'ABD ve İngiltere Kürtleri ortada bıraktı'
Hürriyet köşe yazarı Murat Yetkin, Katar krizi ile Irak Kürt Bölgesel Yönetimi'nin bağımsızlık referandumu arasında bağ kurdu ve 'Kürtleri en çok Almanya hayalkırıklığına uğrattı' diye yazdı
GÜNCEL- "Geleceğimiz Avrupa'da başka yerde değil" başlıklı yazısında Hürriyet köşe yazarı Murat Yetkin, ABD, İngiltere ve Almanya'nın Irak Kürt Bölgesel Yönetimi'ni bağımsızlık referandumu kararında yalnız bıraktıklarını savundu.
Katar krizinin ardından, bağımsızlık bir Kürdistan'ın ilanı ile birlikte, İran'ın nüfuzu altında Irak'ta güçlü bir Şii devletinin ortaya çıkmasının ABD, İngiltere ve Kürtlere destek veren Almanya'nın da istemediğini iddia eden Yetkin, "ABD ve İngiltere bir kez daha Kürtleri ortada bıraktı" yorumu yaptı.
Yazının ilgili bölümü şöyle:
Katar krizinin ilk sonucu ne oldu biliyor musunuz?
ABD ve İngiltere’nin bağımsızlık ümidiyle göz kırptığı Kürtleri bir kez daha ortada bırakması oldu.
Doğrusu perdeyi şu son yıllarda ister Irak, ister İran, ister Türkiye olsun, milliyetçi Kürt hareketlerinin en çok bel bağladığı Almanya açtı. Dışişleri Bakanı Sigmar Gabriel Irak Kürdistan Bölgesel Yönetiminin 25 Eylül olarak (tam da Alman seçimlerinden bir gün sonra yapılacak şekilde) açıkladığı bağımsızlık referandumuna karşı çıktı. Onu ABD ve Türkiye ve nihayet İngiltere izledi.
Çünkü o referandumdan bağımsızlık kararı çıkacağı kesin ve özellikle de Suudi Arabistan ve dolayısıyla ABD parçalanmış bir Irak’ın sonucu olarak Basra petrol bölgesinde bir Şii devletinin kurulmasını, İran’ın bölgedeki nüfuzunu ikiye katlamasını görmek istemiyor.
Suriye’de ABD Merkezi Komutanlığının IŞİD’e karşı piyade gücü olarak yararlandığı PKK/PYD’nin bunun farkında olmamasına imkân yok, Kandil ve Brüksel her şeyi dikkatle izliyordur.

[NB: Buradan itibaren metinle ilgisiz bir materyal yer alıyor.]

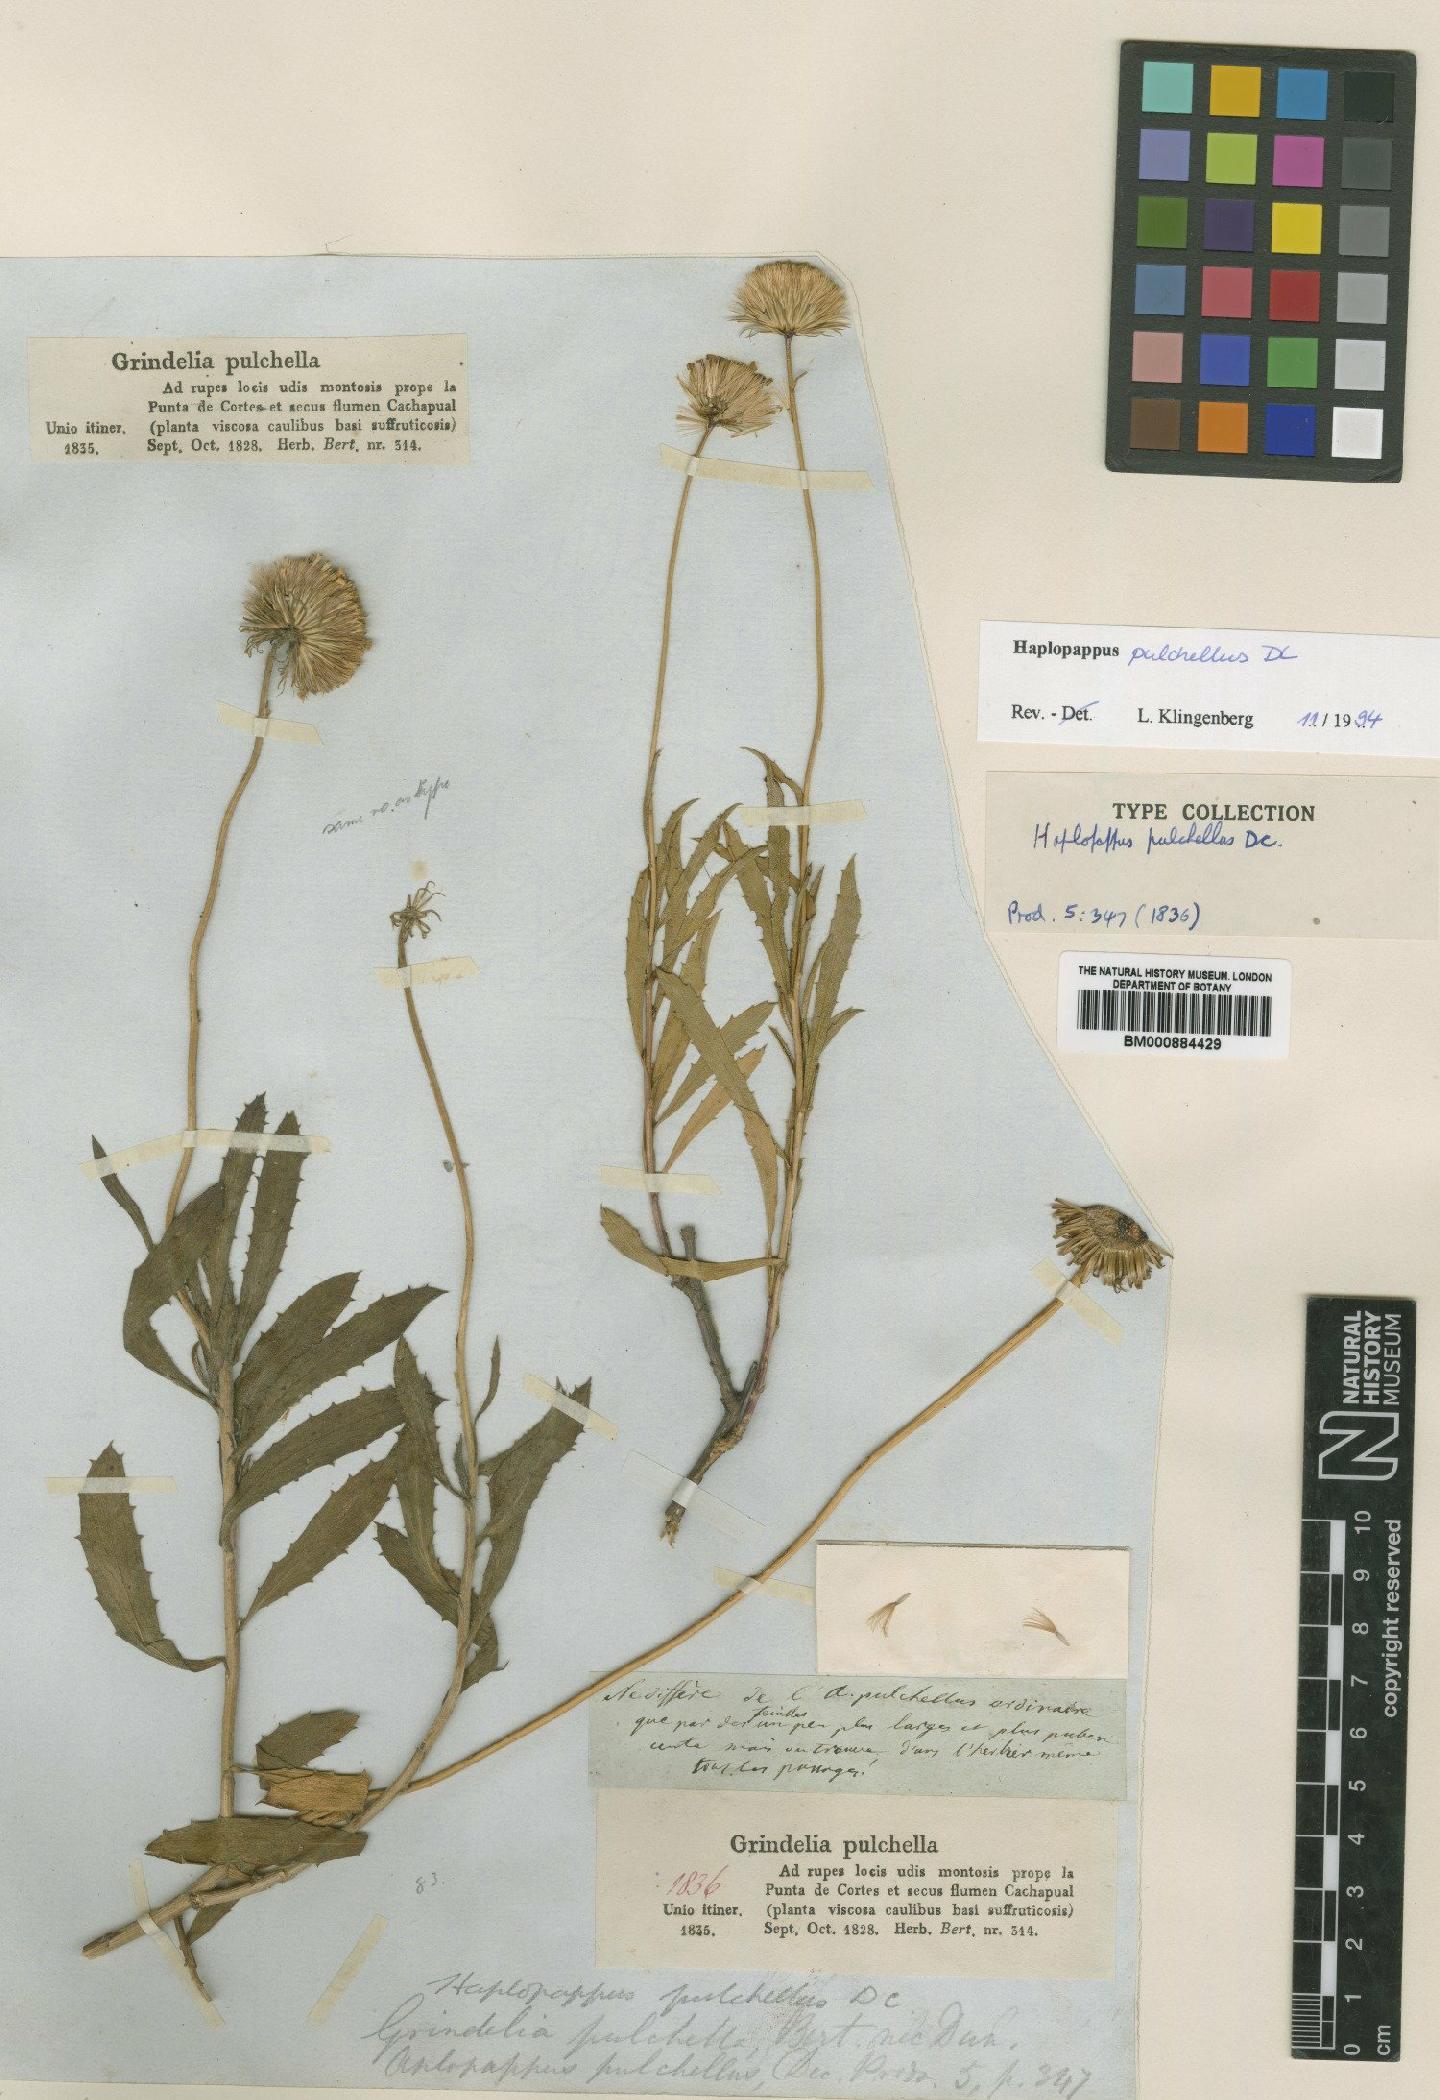 To NHMUK collection (Haplopappus pulchellus DC.; Isotype; NHMUK:ecatalogue:4994181)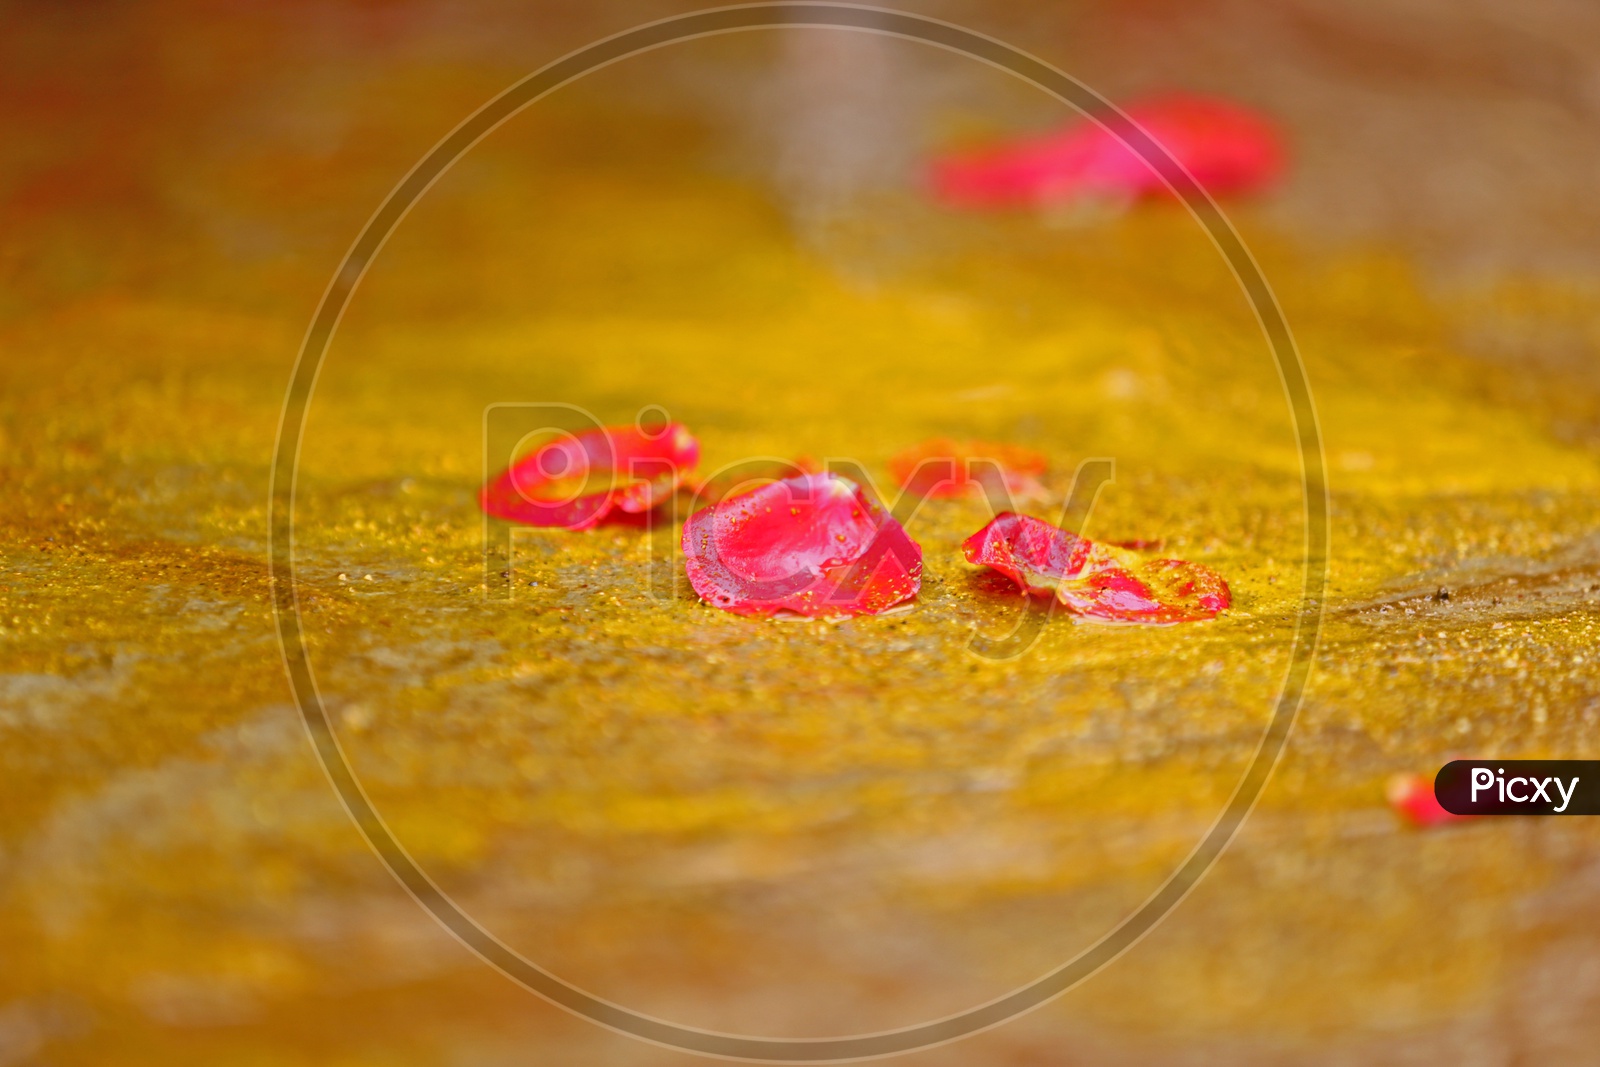 Rose petals Closeup Shots With Termeric in Background / Hindu Traditional Wedding shots

Ama onlar bir şekilde Irak Kürtlerinin başına gelenin kendi başlarına gelmeyeceğine inanıyorlar.
Her ne ise, Cumhurbaşkanı Erdoğan da bu ortamda Orta Doğu oyunundan çekilmek istemiyor elindeki en güçlü koz olan Türk Silahlı Kuvvetlerini –tıpkı Fırat Kalkanı harekatında olduğu gibi- tabloya dahil ediyor.
Tamam, Türkiye Orta Doğu’yu terk edecek değil. Ama Türkiye’nin geleceği Orta Doğu’da, Orta Doğu’nun binlerce yıldır huzur bulmayan karmaşasında mı?
Bu ortamda sağlıklı ve verimli siyasi ve ekonomik ilişkiler kurabilmek, onları sürdürebilmek mümkün mü?
Arap ülkelerinin birbiriyle bitmek bilmeyen rekabetinde, Sünni ve Şii Müslümanların tırmanan bölünmüşlüğünde mi Türkiye’nin geleceği?
Yoksa şu sıra yeniden ısıtılıp masaya konulduğu üzere Şangay İşbirliğinde mi? Enver Paşa’nın İttihatçı Doğuculuğunda mı?